The conundrum involving ERSP is resolved when factor intensity and technology are taken into account. ETM industries are capital-intensive with high shares of fixed costs. The technologies are generally less divisible such that fewer segments of the supply chain can be separated and transferred across borders. Such complex production processes operate within an ecosystem that is both less divisible and more difficult to recreate elsewhere. Factories must be rebuilt, while training new workers and developing relationships with new suppliers substantially increases costs. These factors could overwhelm the multiplier effects of the ERSP, accounting for the locational resilience of ETM industries despite trade war tariffs, improving operational and output resilience.
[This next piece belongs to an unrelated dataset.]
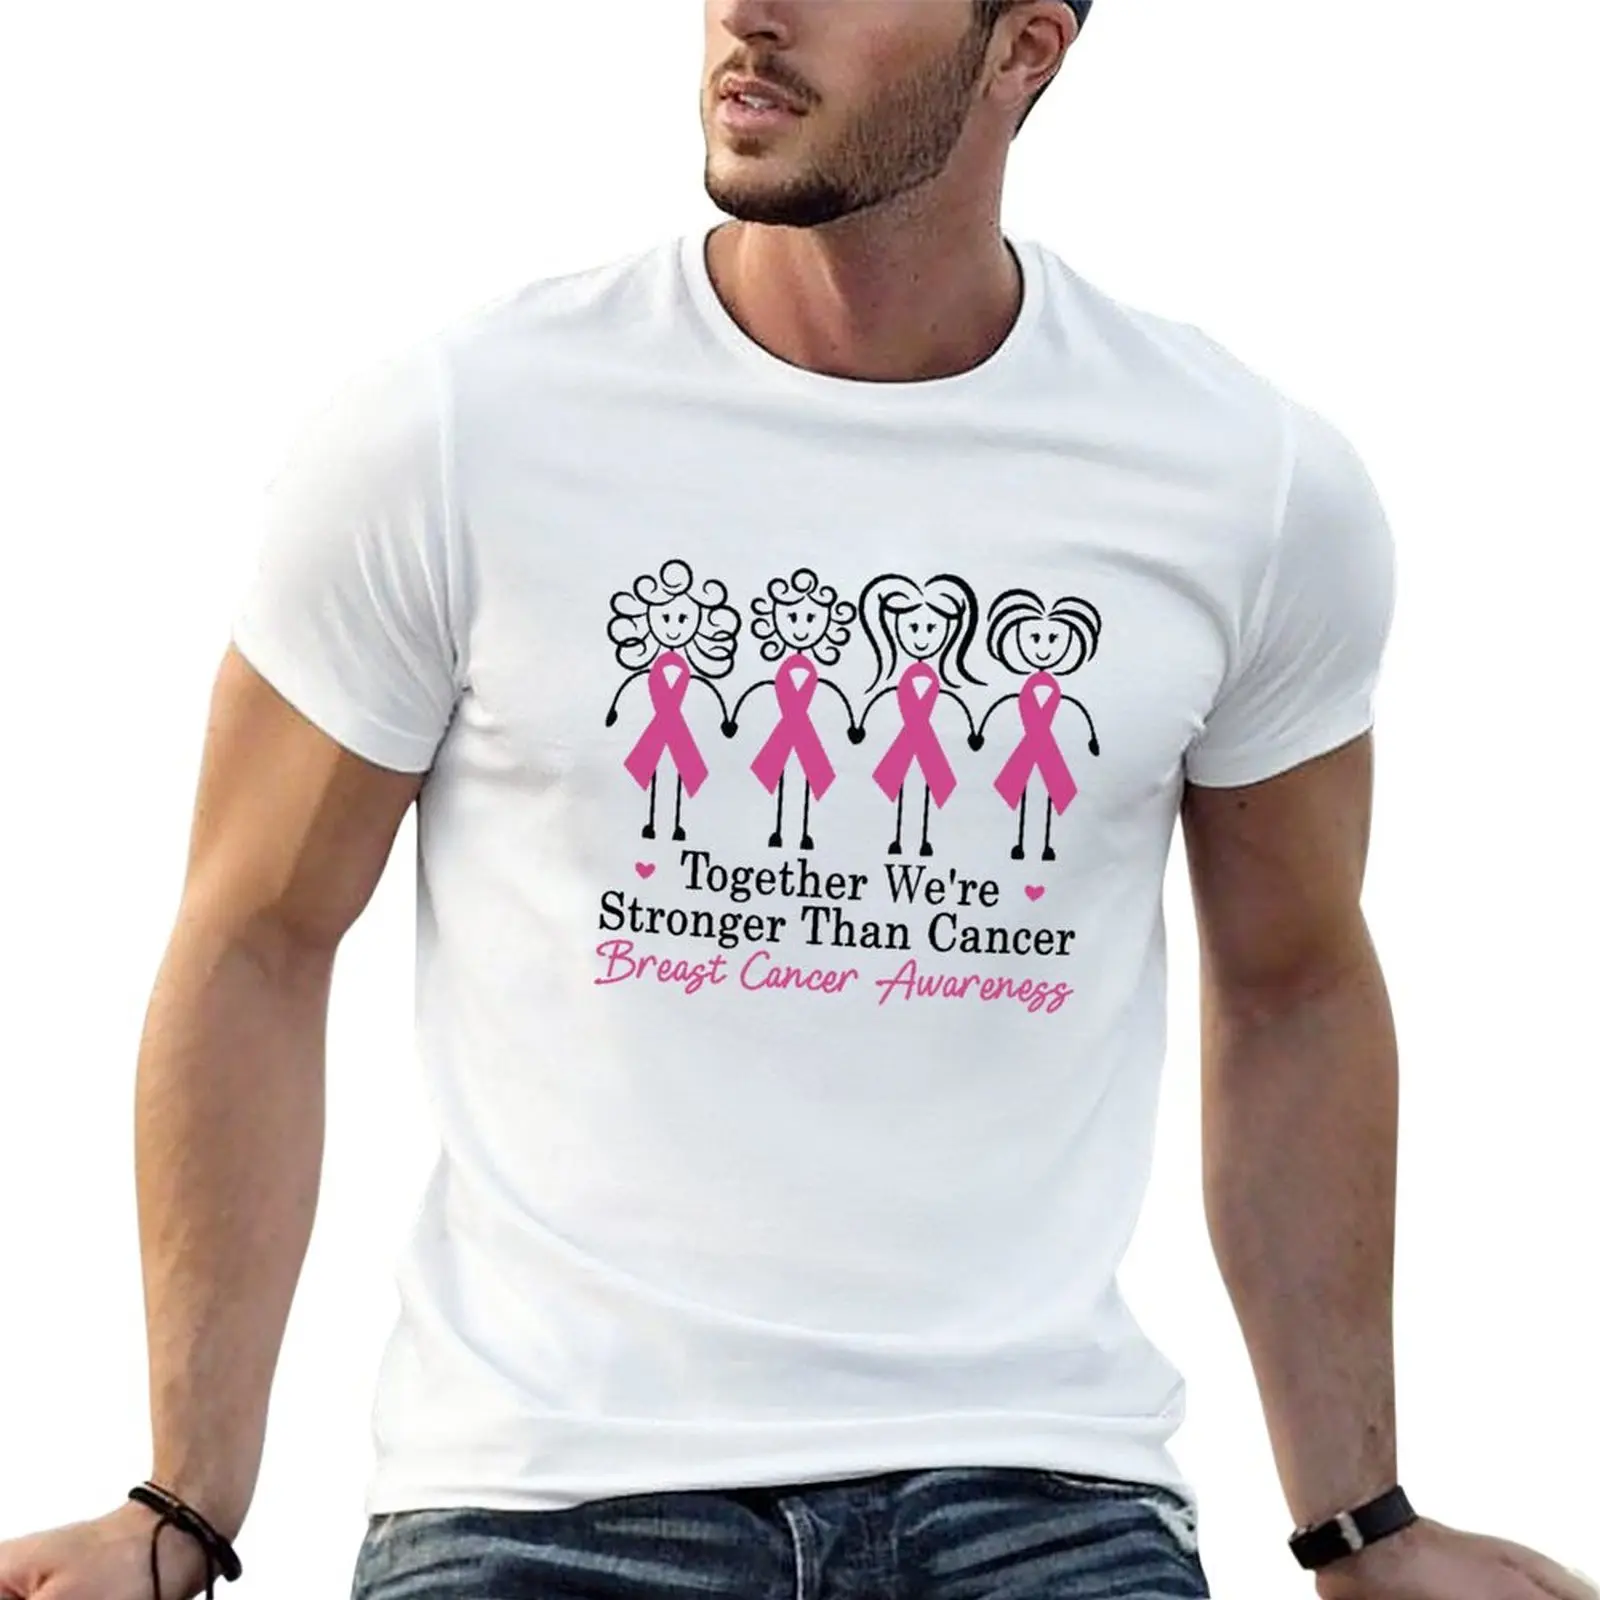 

New Together We're Stronger Than Cancer Ribbon Breast Cancer T-Shirt quick-drying t-shirt Short sleeve tee men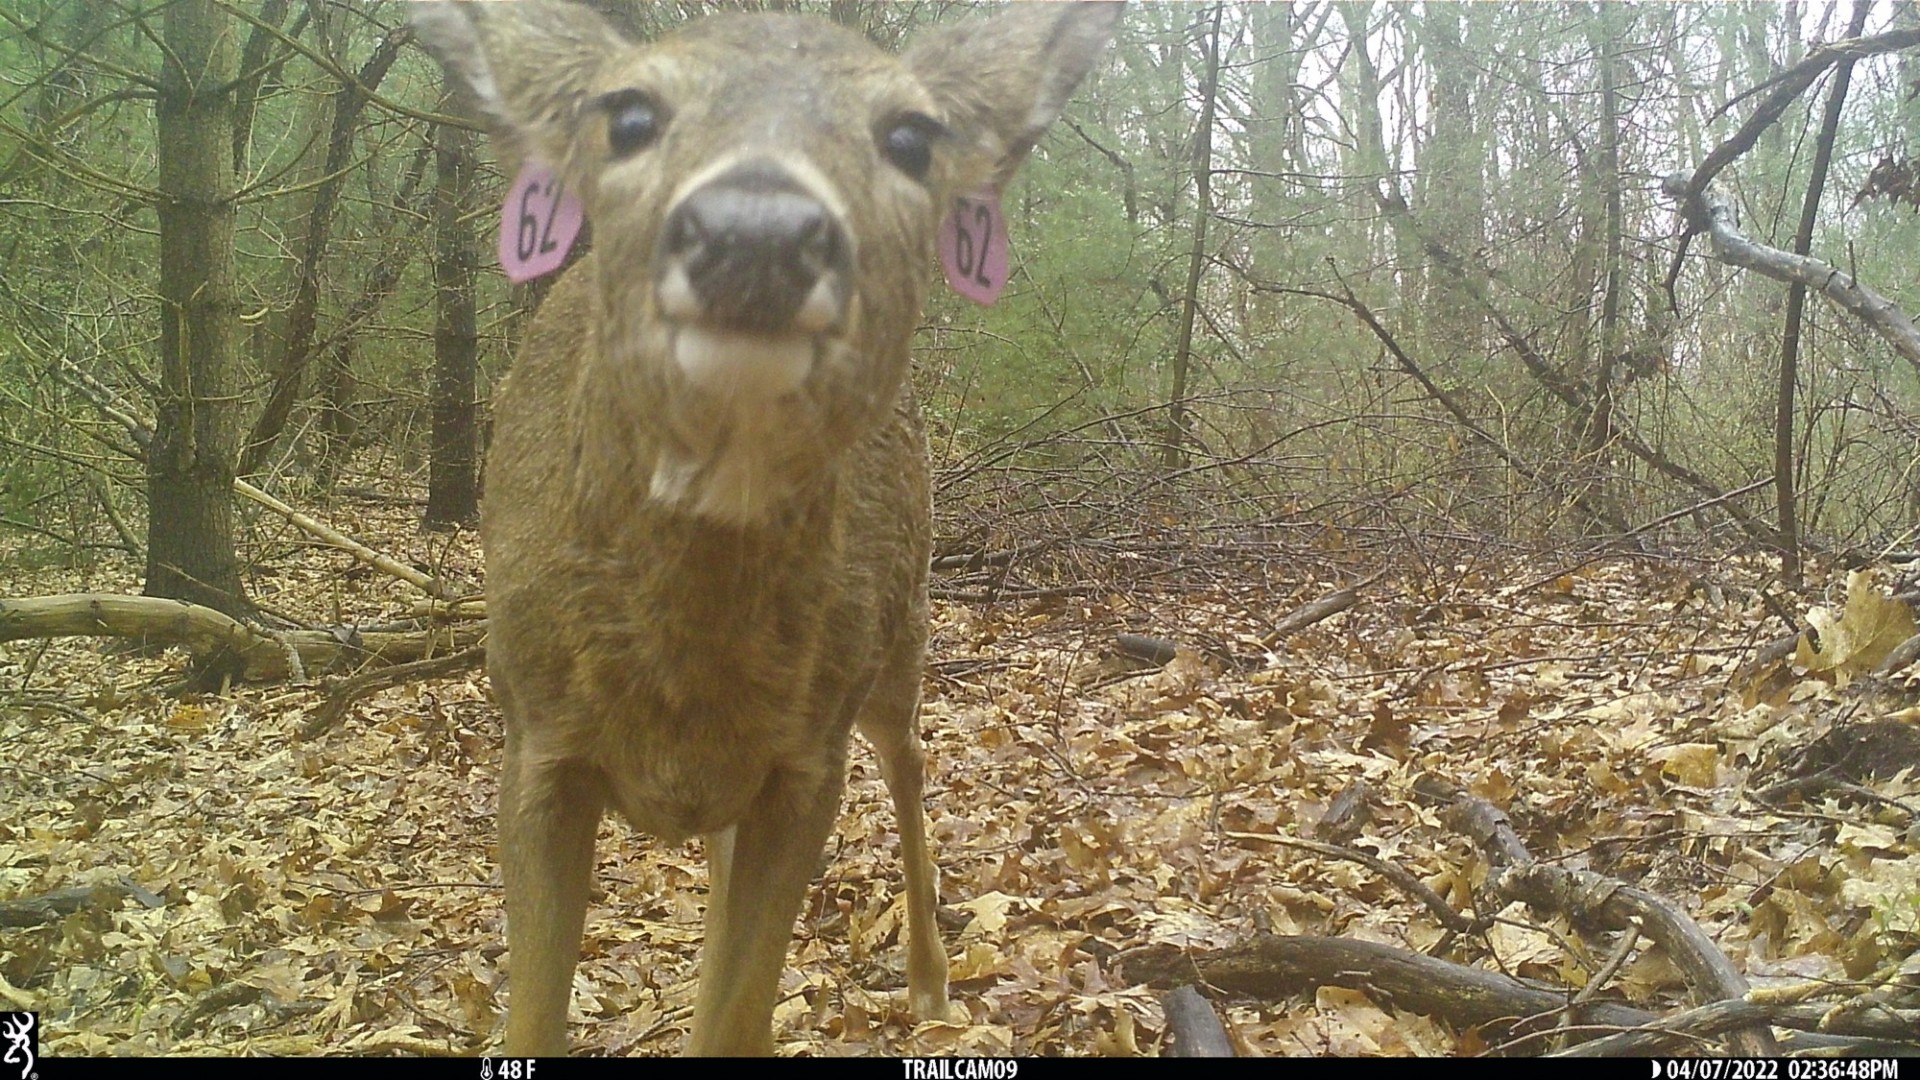 Photo of a deer looking into a trail camera in the woods.

Therefore, we should not be surprised to find little evidence that the trade war has resulted in significant reshoring of production back to the US or China. The minimal relocation has involved transfer of supply chain activities to third countries in Southeast Asia. If punitive tariffs have failed at reshoring production, then direct subsidies have not fared any better, even though subsidies can be better targeted because they can be tied directly to reshoring, avoiding the spillover to third countries. Since the subsidies are directly related to the value-added returned, however, there are no ERSP-related multiplier effects either, reducing their potency. The evidence from Japan is that firms that accepted subsidies to reshore were quick to return to China after observing a grace period of sorts, diminishing any long-term impact.
Southeast Asia is heavily dependent on GSCs and reshoring would gravely affect its trade and growth prospects. When reshoring is engineered through discriminatory taxes or targeted subsidies, global welfare is reduced by efficiency and deadweight losses associated with a misallocation of resources. Using resilience as a pretext to promote the reshoring of production are not only likely to fail but will incur costs even if successful.